New features
=====================

Added support for OpenCL acceleration
--------------------------------------

StreamComputing (http://www.streamcomputing.eu) has implemented OpenCL
support for the short-ranged non-bonded interaction accleration
features previously accelerated in GROMACS with CUDA. Supported OpenCL
1.1 devices include GCN-based AMD GPUs, where performance is good, and
NVIDIA GPUs, where performance with PME is currently not
good. Currently only a one-to-one mapping of PP ranks to GPUs is
supported (ie. with thread-MPI). With real MPI, only one PP rank per
node (and thus one GPU) is supported. We expect to be able to improve
support and performance in future GROMACS versions.


Added support for inter-molecular bonded interactions
-----------------------------------------------------

The .top file can now contain an ``[ intermolecular_interactions ]``
directive, after which bonded interactions can be entered using
global atom indices. See the topologies chapter in the reference
manual for details.


Added flat-bottomed potential to pull-coordinate types
------------------------------------------------------

Allowed pull groups of 1 atom with mass 0
------------------------------------------------------------


Unless constraint pulling is used, a pull group consisting of 1 atom
can have mass 0, since the mass of the COM is irrelevant. This is
useful for pulling on a virtual site.


Changed the way pull directions are selected
--------------------------------------------

Pull types and geometries are now selected on a per-coordinate basis,
so that different pull coordinates can have different pull types and
geometries. The ``pull`` .mdp option now takes simply ``yes`` or
``no``, and ``pull-coord1-type`` and ``pull-coord1-geomtry`` play
the role of the old ``pull`` and ``pull-geometry`` options.


Improved pull geometry cylinder
-------------------------------

Cylinder geometry now uses a smooth radial weight function and adds
radial forces so it now conserves energy.  :issue:`1590`.


Expanded pulling output options
-------------------------------

There is now also an option for printing the COM of the second group,
as well as the reference value for all pull coordinates. Writing the
distance components to the pull coordinate output is now optional (off
by default).


Allowed configure-time specification target GPU architectures
--------------------------------------------------------------

With CUDA support enabled, by default the GROMACS build system will
compile CUDA kernels for all supported hardware. However, this takes a
long time and many of the flavours will not be used. For convenience
in cases where the GPU model is known in advance, the cmake variables
``GMX_CUDA_TARGET_SM`` and ``GMX_CUDA_TARGET_COMPUTE`` allow setting
the GPU architectures and virtual architectures, respectively. For
details of what to put here, see the `background information
<http://docs.nvidia.com/cuda/cuda-compiler-driver-nvcc/index.html#gpu-compilation>`_.

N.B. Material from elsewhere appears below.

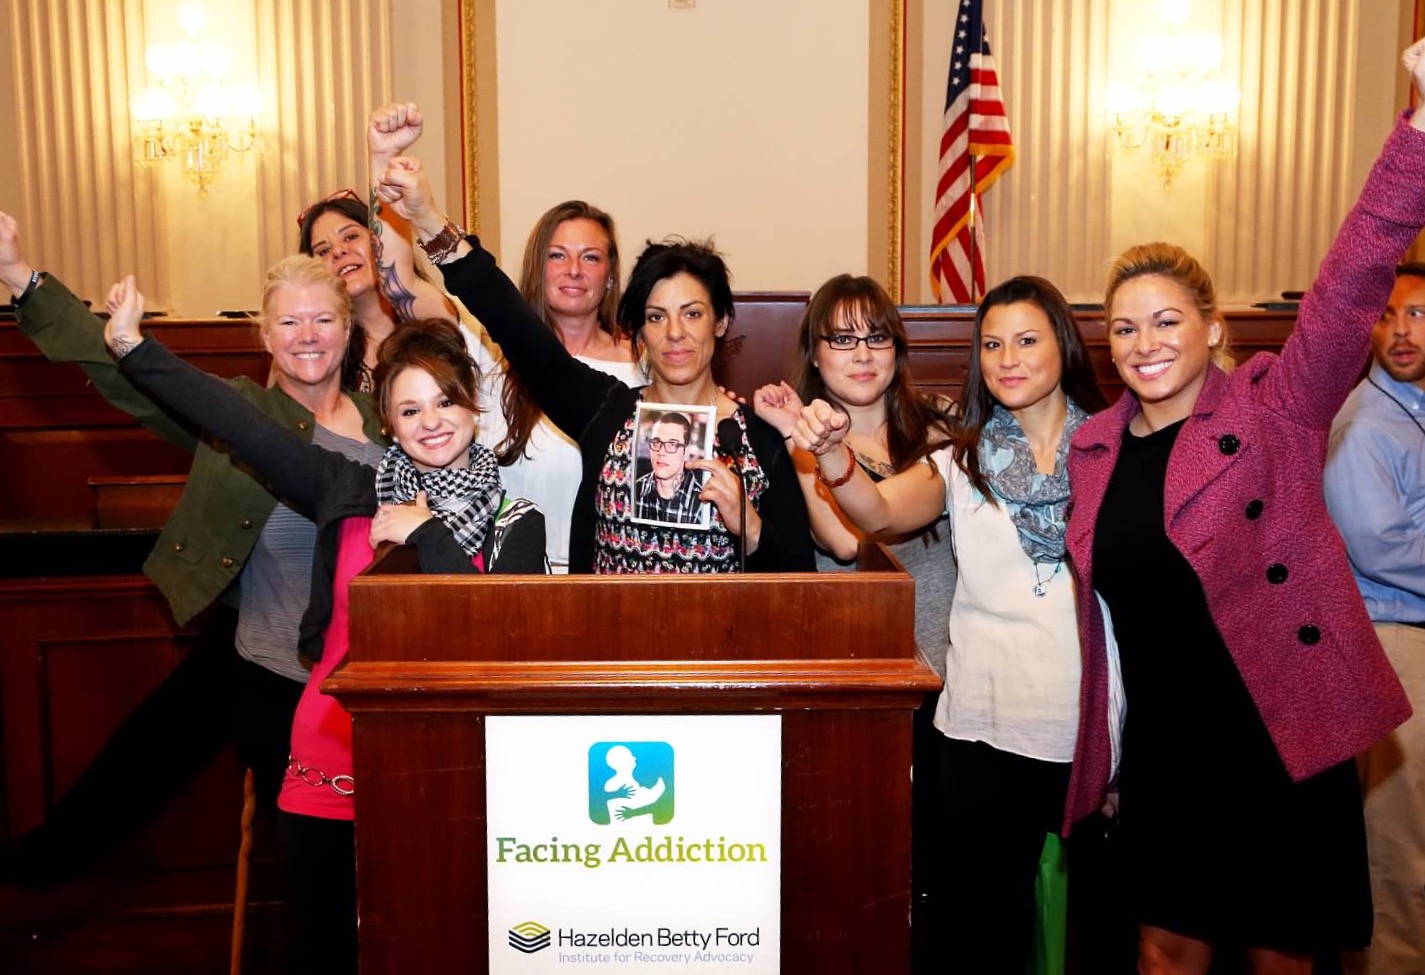 Alaskans were part of the UNITE to Face Addiction Rally in Washington, D.C.: Kim Whitaker, Julee Douglas, Samantha Garton, Terria Walters, Kara Nelson, Delia Williams, Jennifer Mcallister and Christina Love inside a congressional office building in D.C. in October. Nelson is holding a picture of Christopher Seaman, the son of Walters who was murdered in Mat-Su in June. (Photo courtesy Kara Nelson)
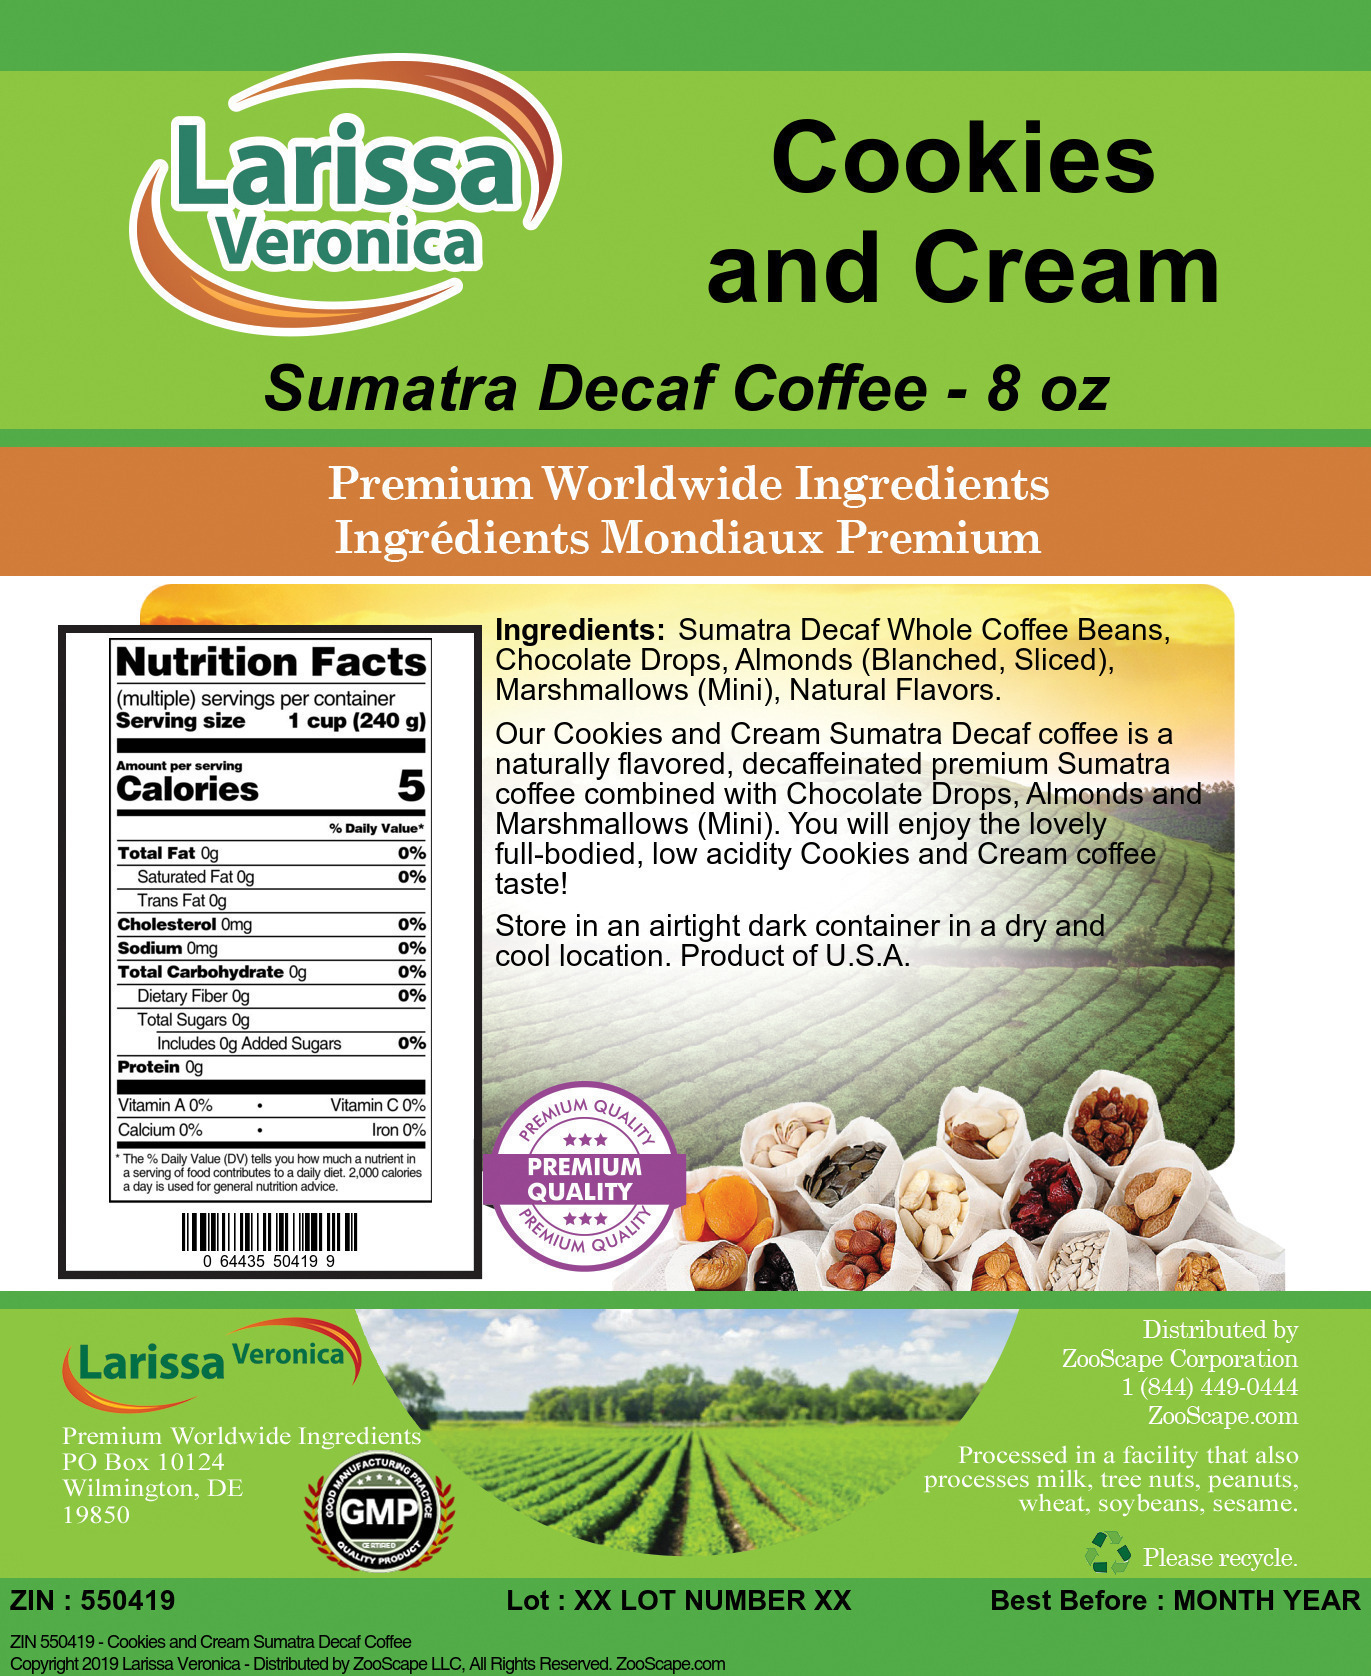 Cookies and Cream Sumatra Decaf Coffee - Label

Added single-accuracy SIMD double math functions
------------------------------------------------------------

Apart from double-precision SIMD variables typically being half the
width of single, the math functions are considerably more expensive
due to higher-order polynomials, which can drop the throughput to 25%
of single. In some cases we do not need the full double precision in
SIMD operations, so these new math functions use double-precision SIMD
variables but only target single-precision accuracy, which can improve
performance twofold.  The patch also makes the target precision in
single and double SIMD an advanced CMake variable, and the unit test
tolerance is set based on these variables. This can be used (decided
by the user) for a few platforms where the rsqrt/inv table lookups
provide one bit too little to get by with a single N-R iteration based
on our default target accuracy of 22 bits.

Added new tests
------------------------------------------------------------


Several new test cases have been added, including that plain
multi-simulation, replica-exchange and empty domains work.


Improved parallel distribution and thread count reporting
------------------------------------------------------------


The domain decomposition no longer prints the atom count for all ranks
(which gets far too long at high parallelization), but rather average,
standard deviation, min and max.

Implemented zsh shell completions for gmx command
-------------------------------------------------------

New fatal error to stop benchmarking runs if tuning is still active
-------------------------------------------------------

Triggering the reset of mdrun counters (which can happen in various
ways) could happen while tuning was active, which is useless and
potentially wrong. This now emits a fatal error, so the user
can judge how to run the benchmark more stably or for longer time.

:issue:`1781`